There is usually an identified time where a traumatic event caused the fracture - this can be linked to things like RTA's or falling from a cliff. Sometimes they are linked to other pathologies that need to be diagnosed and treated alongside the fracture repair.

Treatment of Fractures

The vast majority of fractures are treated with surgical intervention. This is vital to stabilise the fracture and avoid further displacement and potential amputation. By stabilising the fracture the bones are fixed in the best possible position to knit back together by forming new bone. Over time and with appropriate, progressive exercise the bone will be as strong as before. 

What can we do about it?

Plenty! We have numerous modalities in clinic that we have at our finger tips to help your dog. These include massage, soft tissue mobilisation, stretching, joint mobilisations, targeted exercises, laser therapy, hydrotherapy... shall we continue? These have all been shown to reduce pain, restore joint and muscle function and strength, and improve your dog's quality of life. With each session they undergo constant review of their clinical signs and progression in order to gain maximum recovery at a pace that's comfortable for them.


We have a comprehensive programme tailored for your dog's specific needs, depending on the type of surgery, how successful the surgery was and their recovery so far. Alongside what we do with your beloved pooch, there are a number of things outside of the clinic that can help them manage their condition or rehabilitation. Please find information in the sections below!  

Home Modifications


Wooden floors and stairs are a big slip hazard for your dog. Try using non-slip mats along the main routes of your house.

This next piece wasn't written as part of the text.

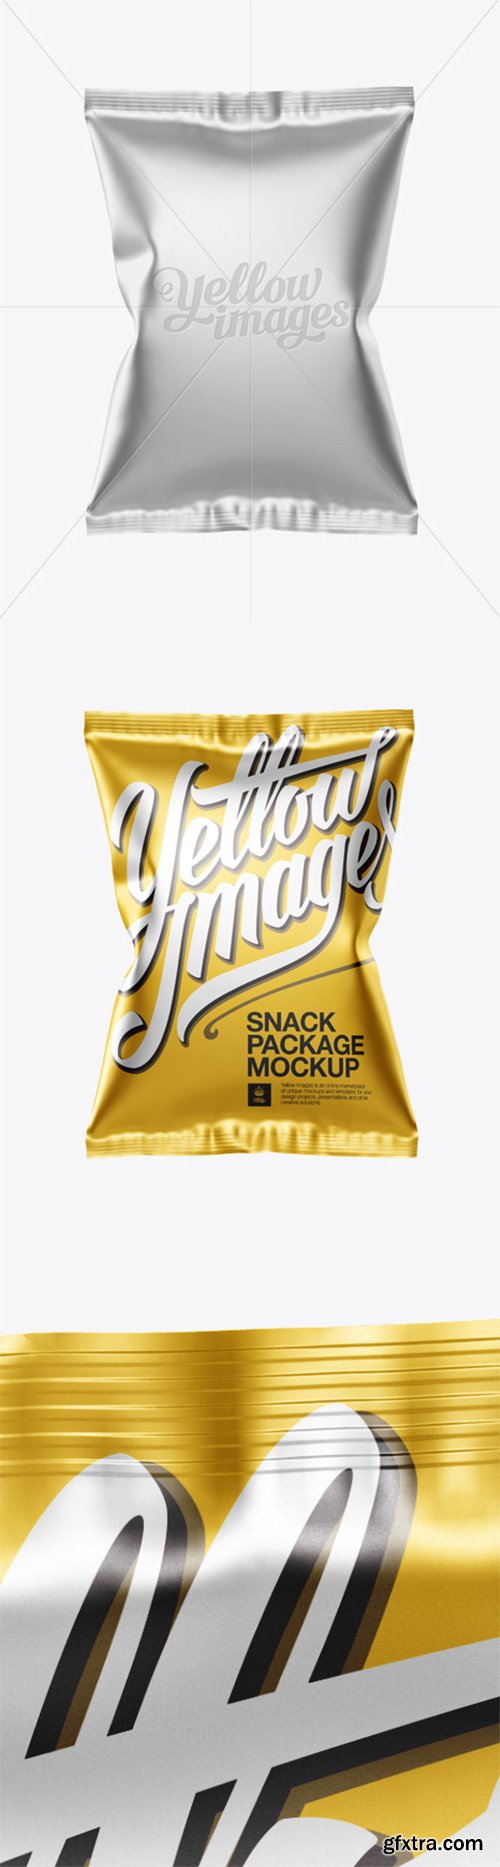 Matte Metallic Snack Package Mockup - Front View 12709

Alternatively, some dogs may benefit from paw pads (please speak to us before trying this option in case of contraindication).

Feeding Stations

Raising their water and food bowls may seem like a insignificant change to us, but it can really help your dog to be in a more neutral position.

Access to Furniture

Jumping up and down from heights if often a cause of additional pain for your dog. If they enjoy a cuddle on the sofa or the bed, make it easier for them with dog-friendly steps or ramps onto furniture. This also applies to getting in / out of cars! You may also find a sling to be useful.

Keeping Warm

Especially important in the colder months, your dog will benefit from staying warmer. Keep them in a jumper and walk them out with coats. Stay dry too!

Sleeping / Resting Areas

Great quality sleep is essential. Ensure their sleeping area is free from any drafts and in a warm spot. Their bedding should be supportive and not restrictive. Memory foam mattresses without rigid or tall sides are best. Make sure your dog can access the bed and can change position / stretch out easily.

Be Wary of Terrain

Different types of terrain in the garden and on walks can be hazardous, such as steep slopes, loose or uneven surfaces. Be mindful to where they are going.